La seconda, iniziare a misurarsi con l’opzione indipendentista. Questo non vuol dire sposarne interamente le tesi, ma iniziare a misurarsi con un’idea d’indipendenza da raggiungere a conclusione di un percorso consensuale che porti alla costruzione di un rapporto paritario, tra eguali, senza vincoli gerarchici con lo Stato italiano.
Una terra, il suo popolo, la sua specificità culturale, il suo essere un’isola “distante”, sono il fondamento di diritti particolari, propri di una comunità distinta. L’identità di un popolo, fa di quel popolo una nazione, una nazione a cui non si può negare l’aspirazione a diventare Stato. Una nuova classe dirigente. Le elezioni amministrative hanno dimostrato che esistono, spesso fuori dai partiti, competenze, professionalità, volontà.
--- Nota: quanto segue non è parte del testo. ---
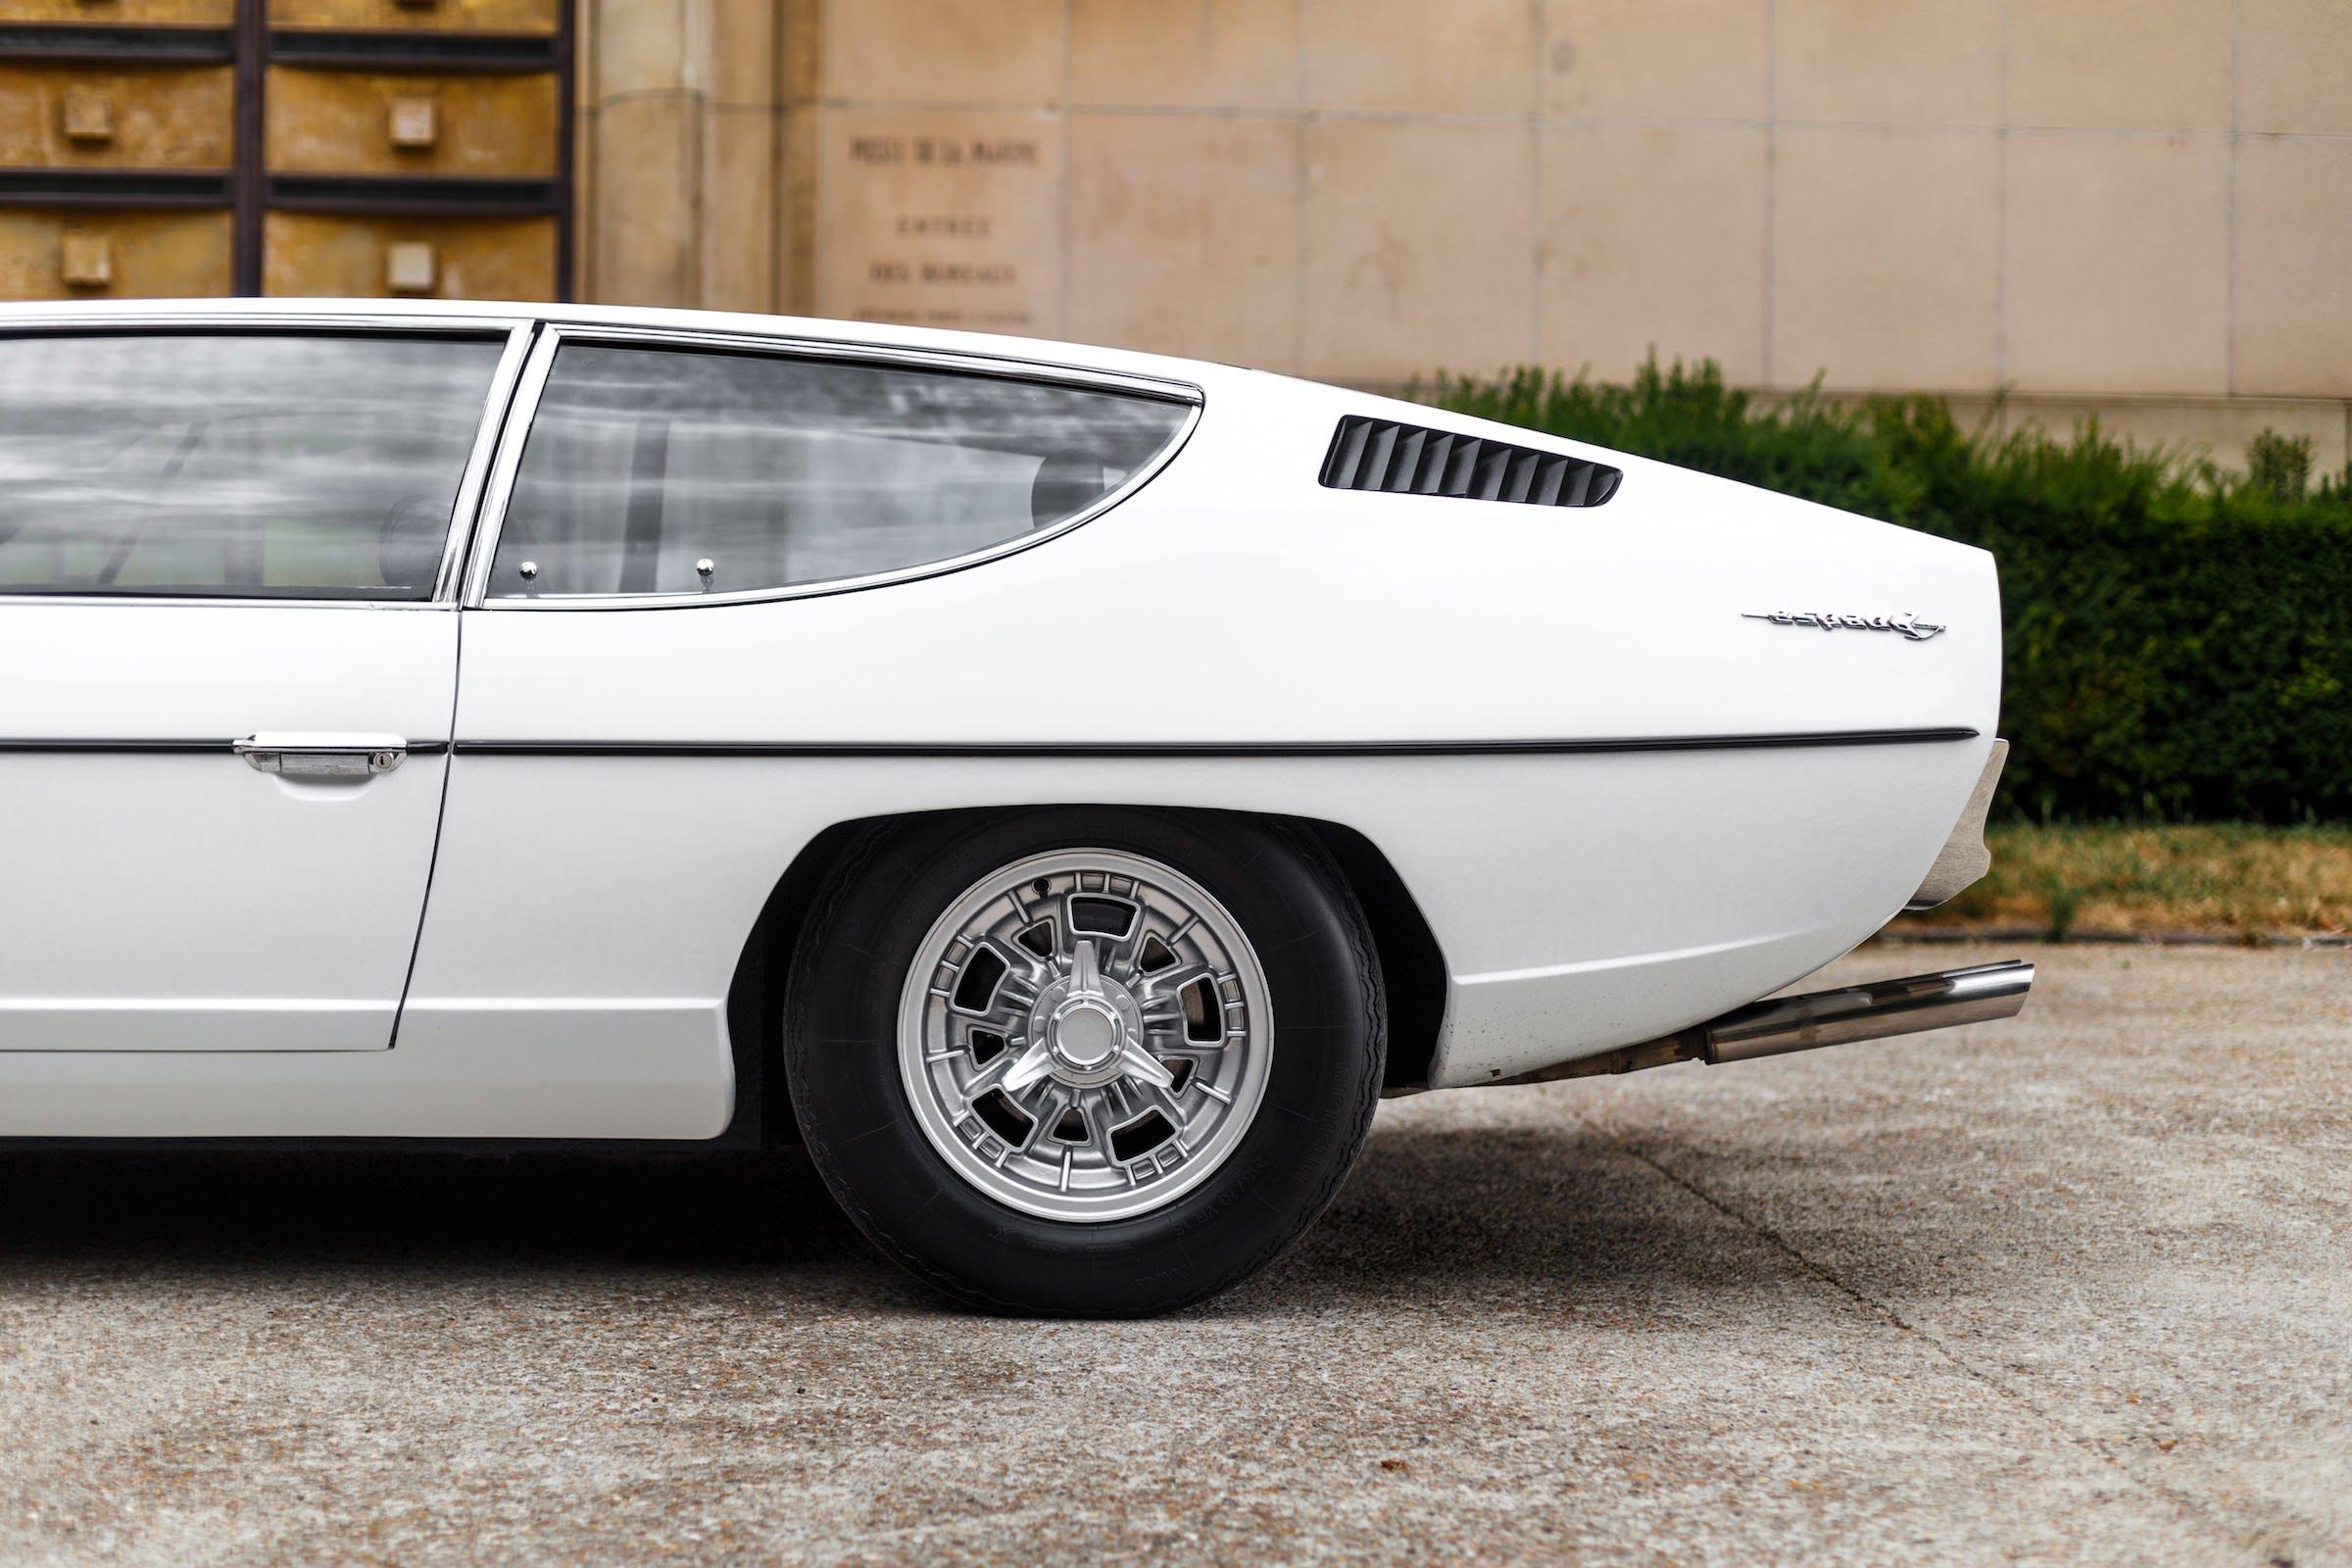 https://silodrome.com/wp-content/uploads/2017/10/Lamborghini-Espada-4.jpeg

Una nuova classe dirigente coraggiosa, animata da un forte senso di legalità e di responsabilità pubblica, capace di ripristinare un rapporto di fiducia e di lealtà con i cittadini sardi. Una classe dirigente giovane, concretamente generosa con i giovani.
Affrontare positivamente queste tre questioni significa accelerare l’uscita della Sardegna dal guado, da quella terra di mezzo della mediocrità e della marginalità a cui sembra averla condannata la giunta di destra.